Nos sources habituelles sont les barbouzes dont le regard est extérieur et faussé, celui du bien examinant le mal. Bourgeot ne cherche pas à combattre mais à comprendre , ce qui est beaucoup plus efficace.
Le résultat mérite notre attention. Ne cherchez pas ici la partie repoussante du discours de Koufa, sa vision répugnante des femmes, la mort comme horizon. Lecteurs et lectrices n'ont pas besoin de ces informations, c'est la partie la plus connue et probablement la seule, de l'islamisme radical.
C'est l'explication de son succès qui devrait attirer notre attention.
Le recrutement ne se fait pas à partir de l'Islam
Une expression nous a frappé. Ce n'est pas le Coran qui attire mais l'ignorance de ses fondements et les adhésions idéologiques sont extrêmement rares. La misère et le besoin de reconnaissance sociale (que la kalachnikov parait donner), la recherche d'un soutien pour éviter à la famille de voir ses biens détruits, des problèmes de parcours des nomades, des rancœurs familiales, des injustices et exactions subies de la part du gouvernement ou de Barkhane, l'appât du gain des trafics de drogue sont les véritables motifs, extraordinairement variés.
Le discours de Koufa prouve qu'il l'a parfaitement compris
Les précieuses cassettes contiennent un discours anti impérialiste (contre la France, la Minusma et le gouvernement à leur solde, la prise en compte des revendications des nomades peuls et touaregs, un refus de l'usure et du capitalisme, très efficace auprès des jeunes.

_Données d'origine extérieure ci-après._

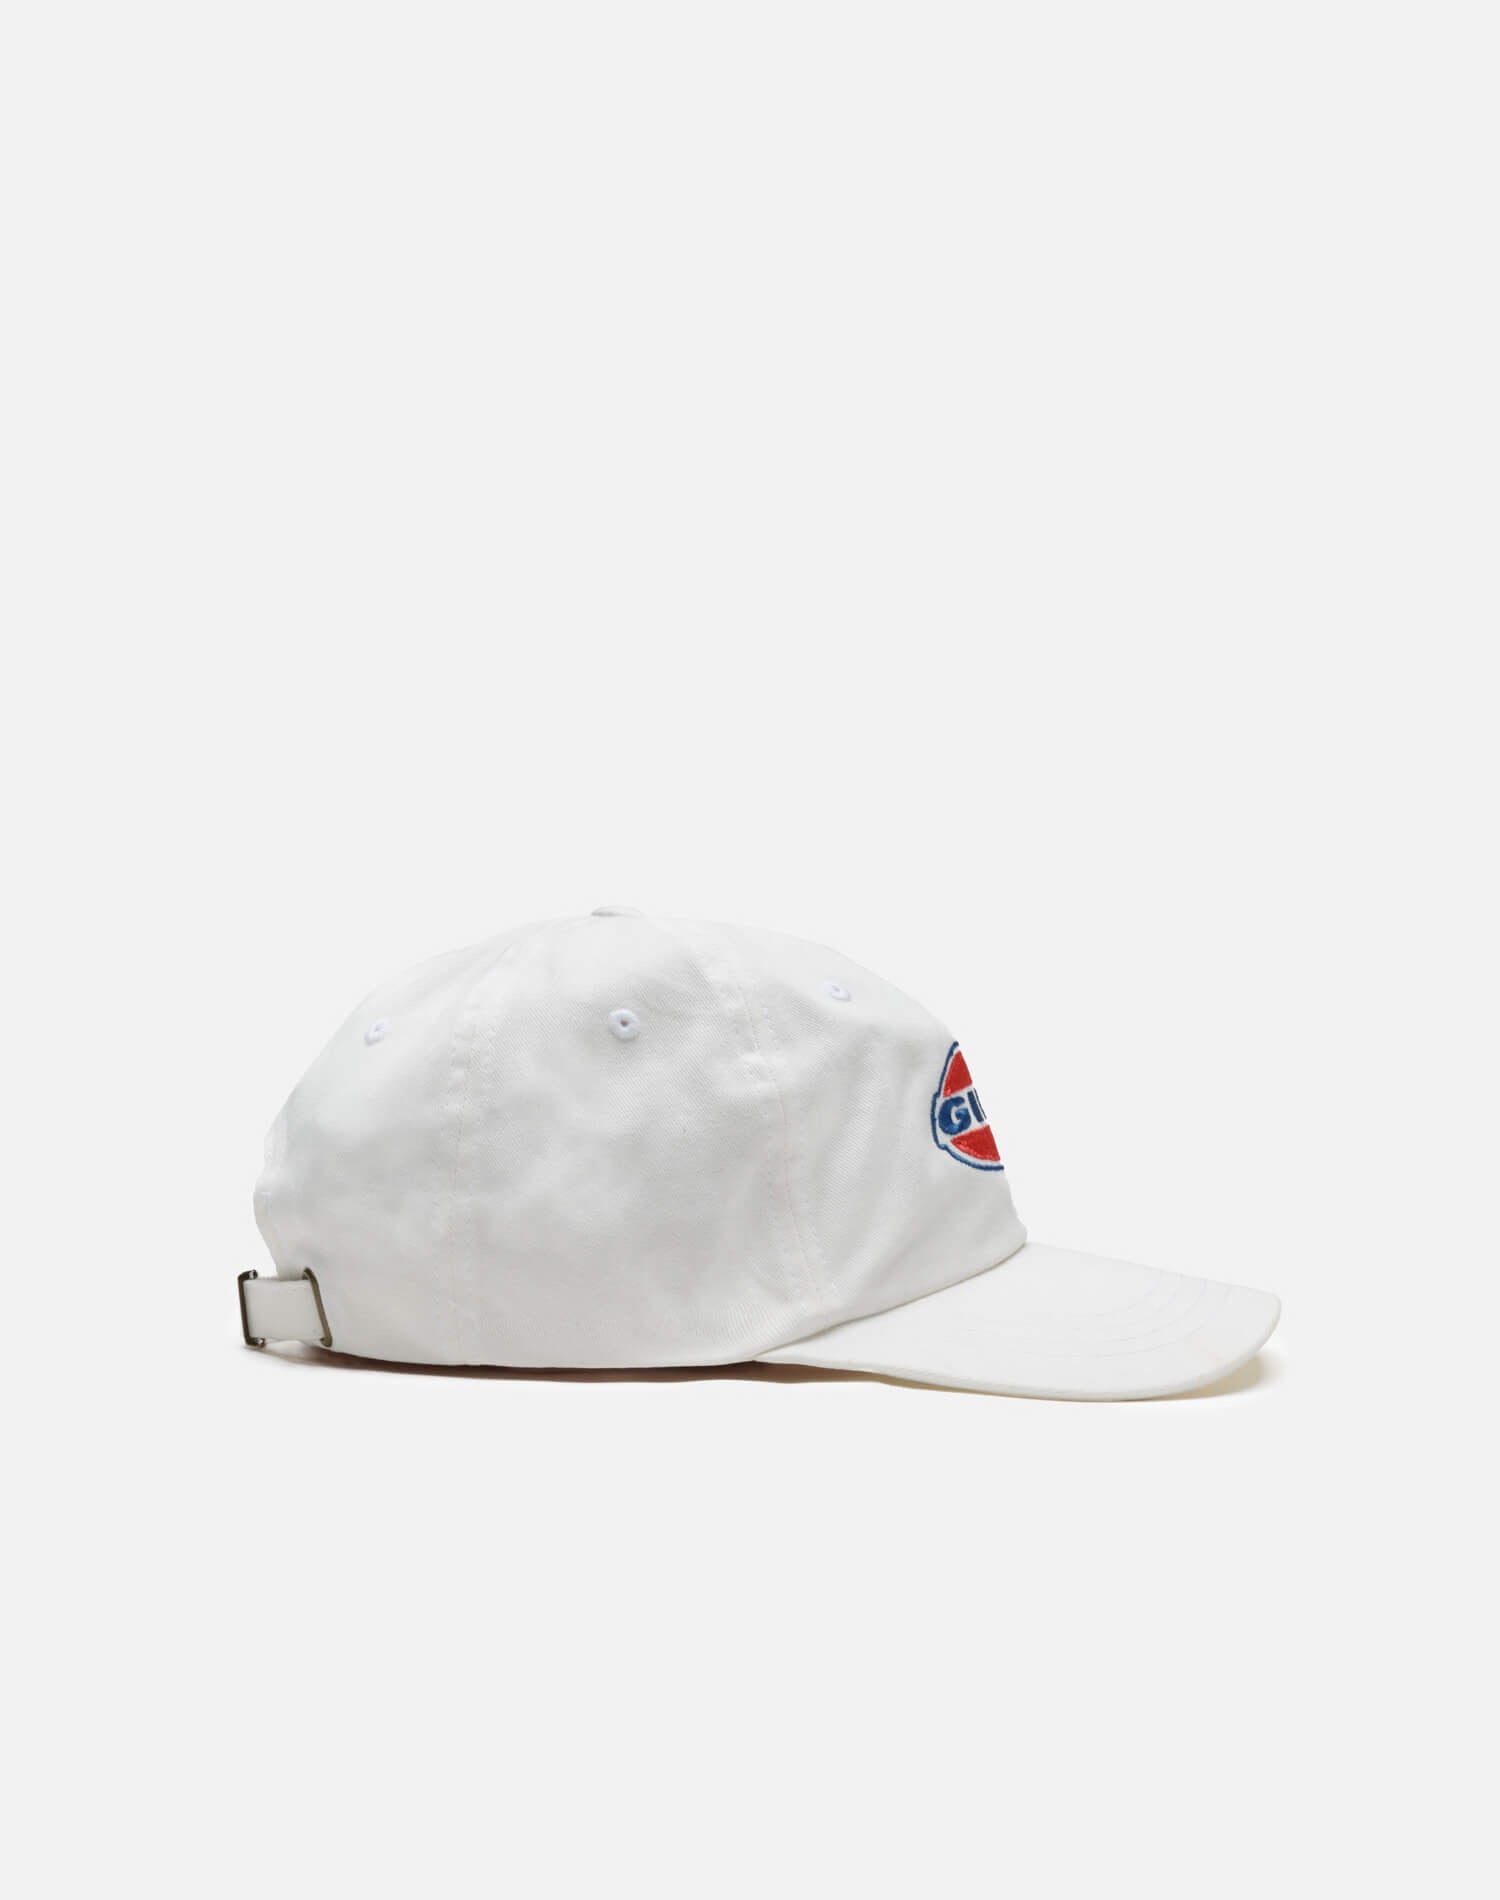 Baseball Hat "Girl" - White
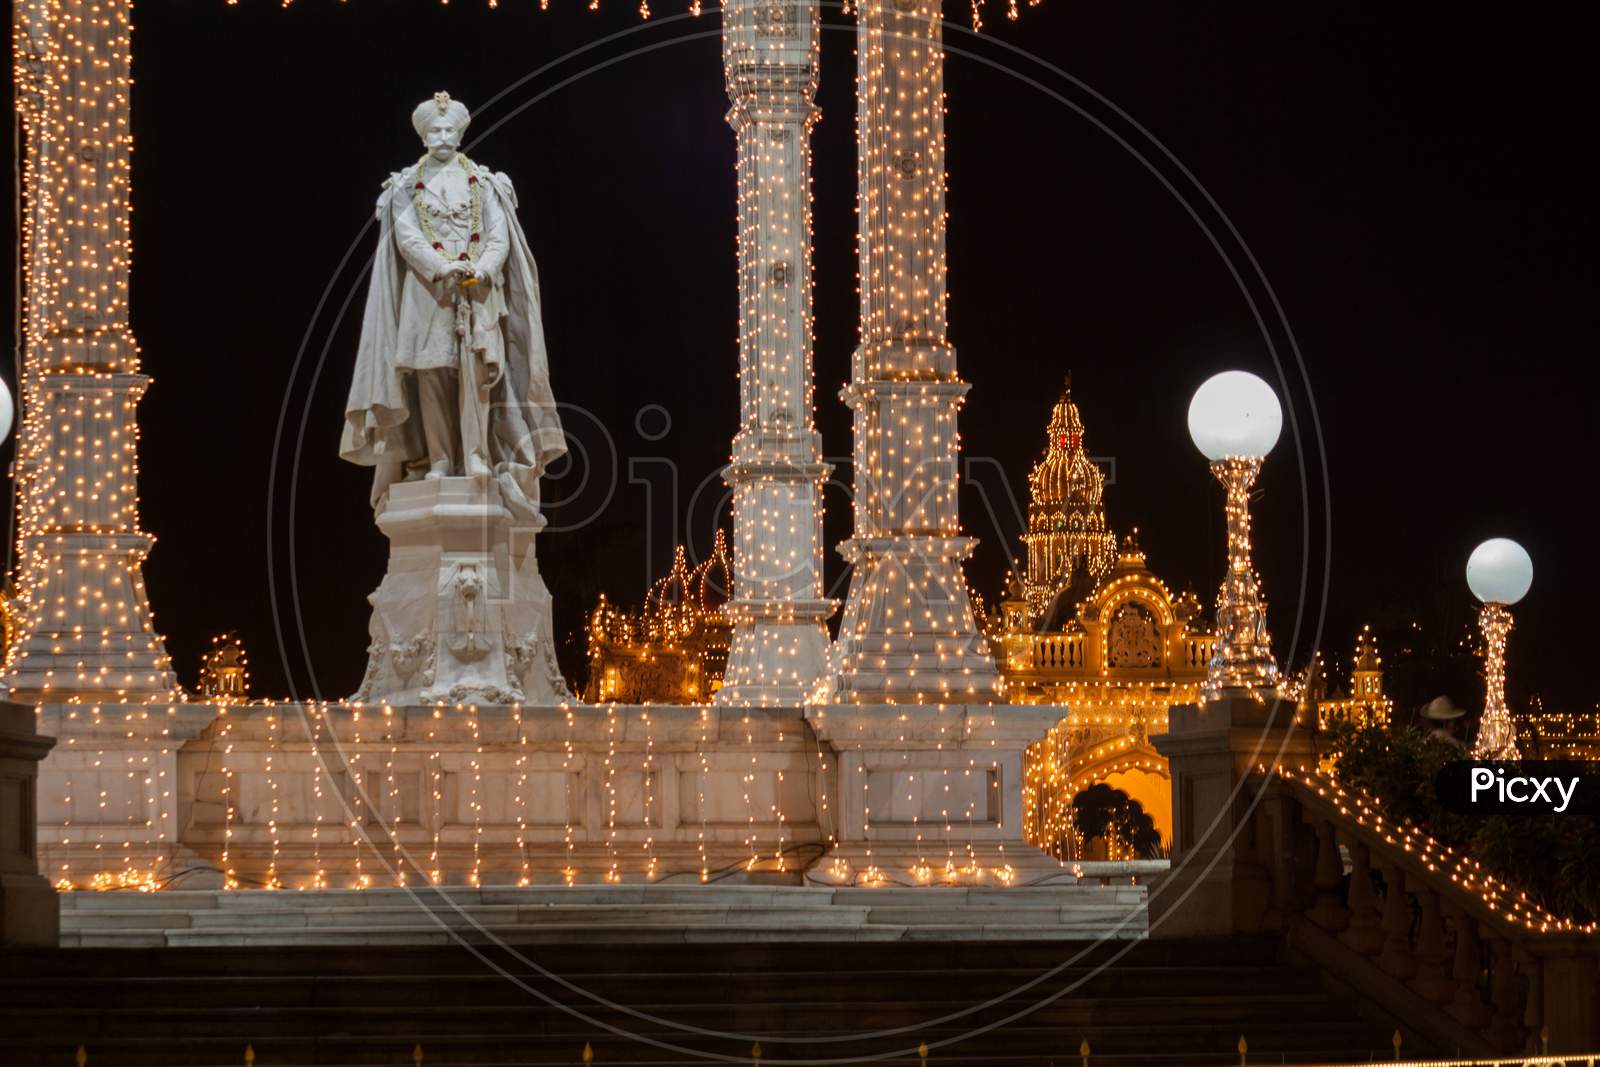 Maharajah Circle with Palace lighting

Barkhane se révèle une aide fantastique pour Koufa
L'usage de la force, la protection des corrompus, les bavures inévitables, le pillage du pays par les multinationales sont de formidables atouts pour le recrutement. Une fois recruté le jeune intègre par une "formation intense" l'Islam de Koufa qui n'est pas celui des marabouts, mais au départ c'est de toute autre chose qu'il était question.
La stratégie de combat est parfaitement assimilée
La moto est plus utile que le char d'assaut et les armes très lourdes que "l'armée" de Koufa ne possède pas. La mobilité et la fluidité (les groupes ne restent jamais au même endroit et leur composition fluctue) rend inefficace la délation.
Bourgeot ne tire aucune conclusion politique , ce n'est pas l'objet d'une étude du CNRS. Mais il nous arme pour le faire. L'antique stratégie de la françafrique revient comme un boomerang. Elle est devenu l'outil du rejet de la France. Nous français bien sûr n'y sommes pour rien , du moins ceux qui ne votent pas pour les donneurs d'ordre. Fabriquant des martyrs elle coupe une tête et en fait pousser dix.
Il n'y a qu'un chemin pour éradiquer le djihadisme, le développement économique des pays africains sortis du néo colonialisme. S'imaginer une minute que Macron peut l'accepter , c'est ne rien comprendre à notre monde.